#### [Entries shown]
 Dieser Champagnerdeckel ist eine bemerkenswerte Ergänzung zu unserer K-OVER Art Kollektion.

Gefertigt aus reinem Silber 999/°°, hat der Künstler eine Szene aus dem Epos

---

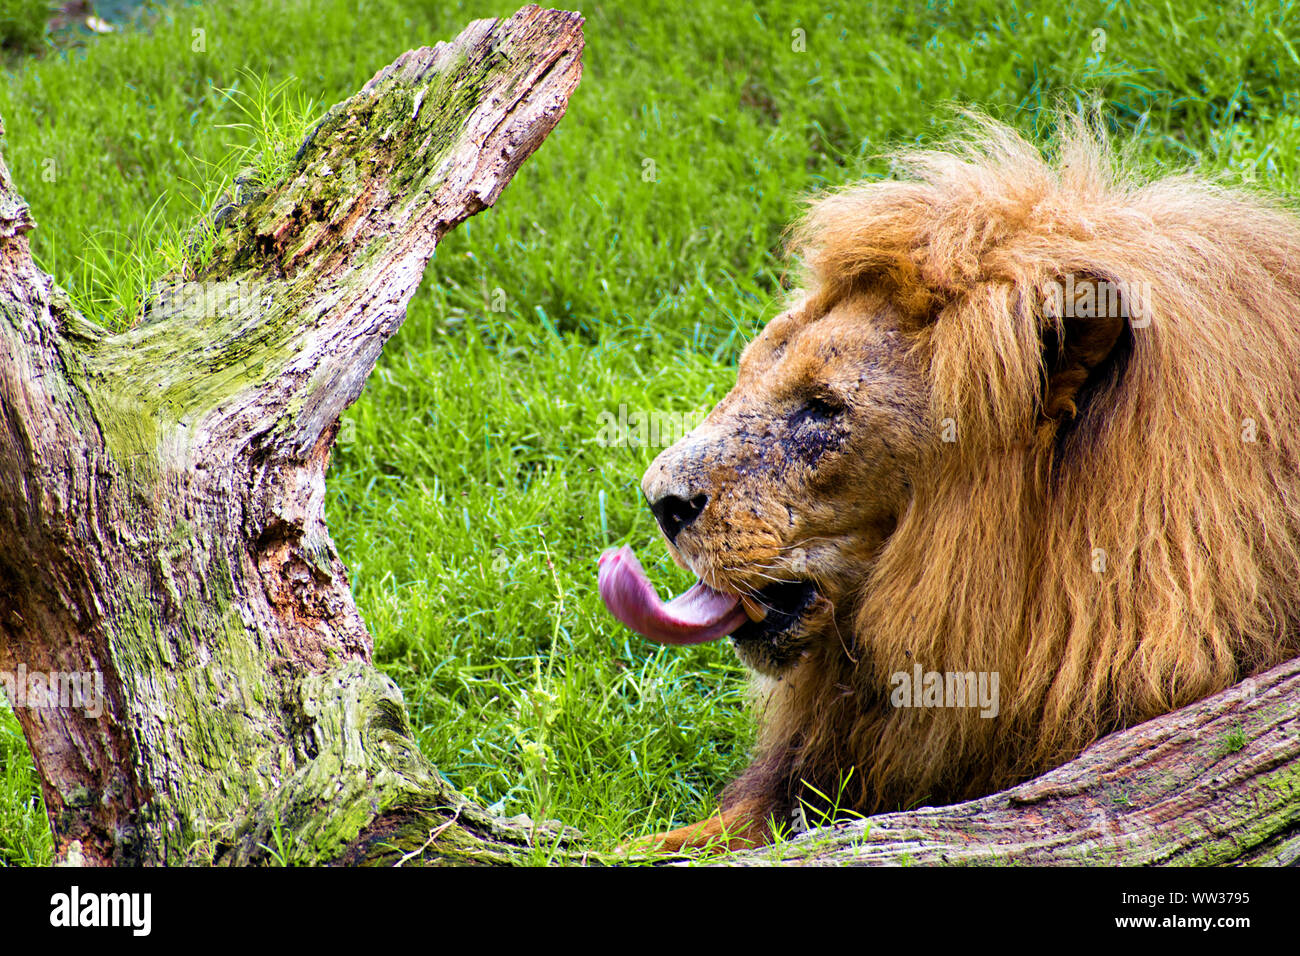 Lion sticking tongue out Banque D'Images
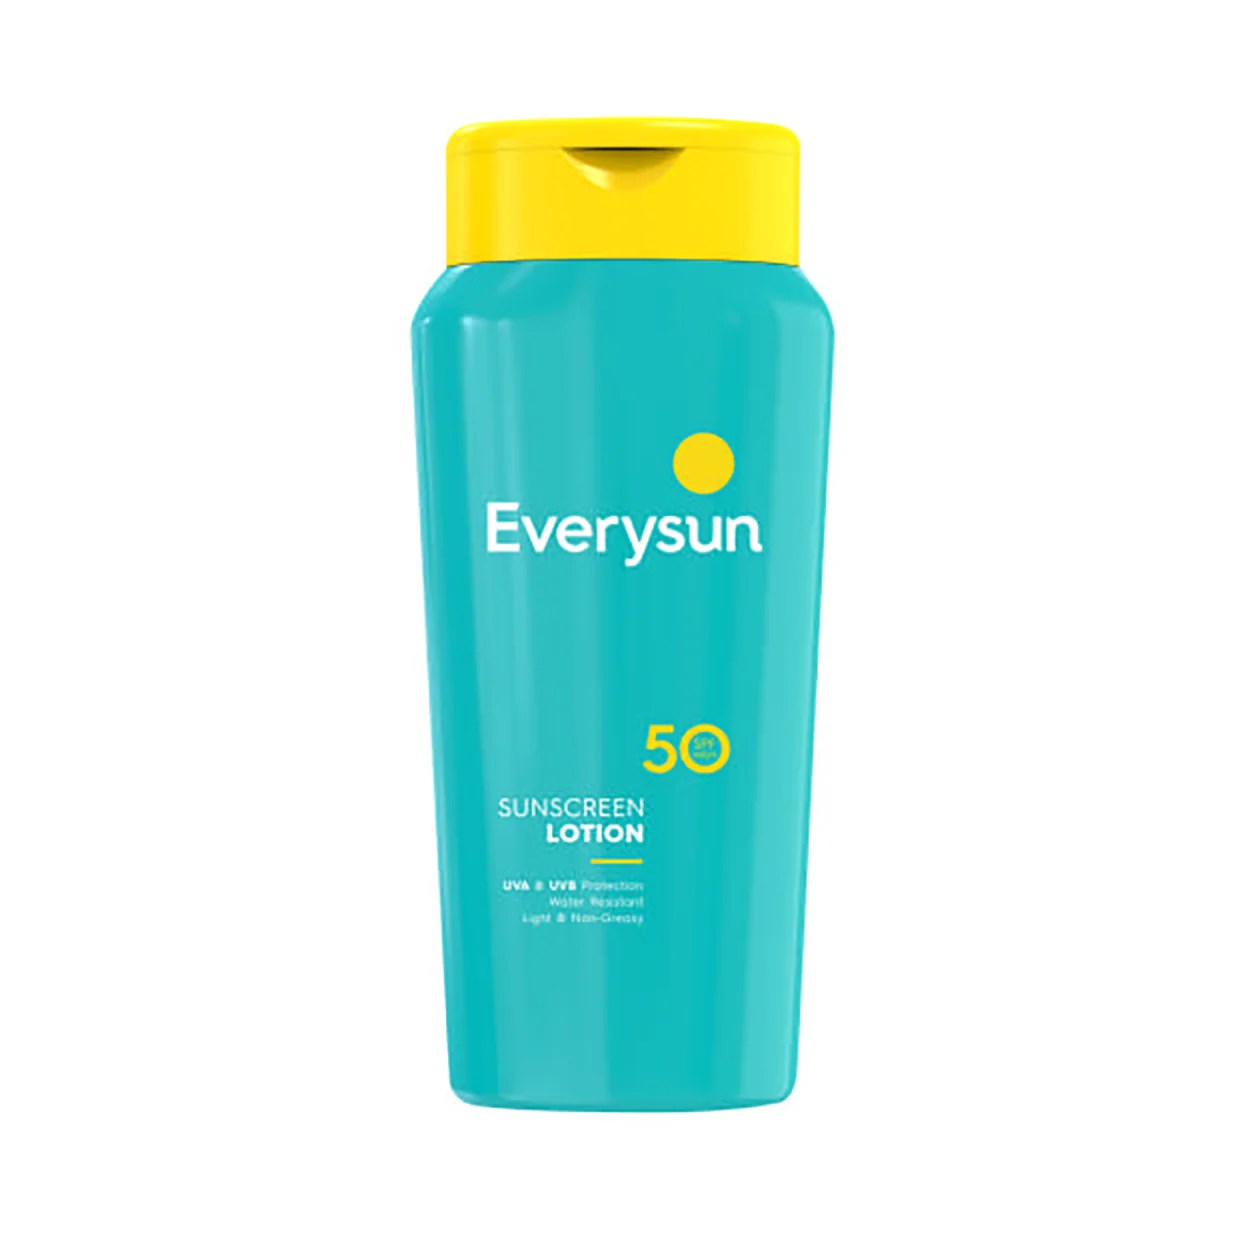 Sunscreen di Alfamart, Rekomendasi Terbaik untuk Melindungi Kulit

#### [Exercise brief]
The lines to copy are those above that contain "eine".

#### [Exercise answer]
 Dieser Champagnerdeckel ist eine bemerkenswerte Ergänzung zu unserer K-OVER Art Kollektion.
Gefertigt aus reinem Silber 999/°°, hat der Künstler eine Szene aus dem Epos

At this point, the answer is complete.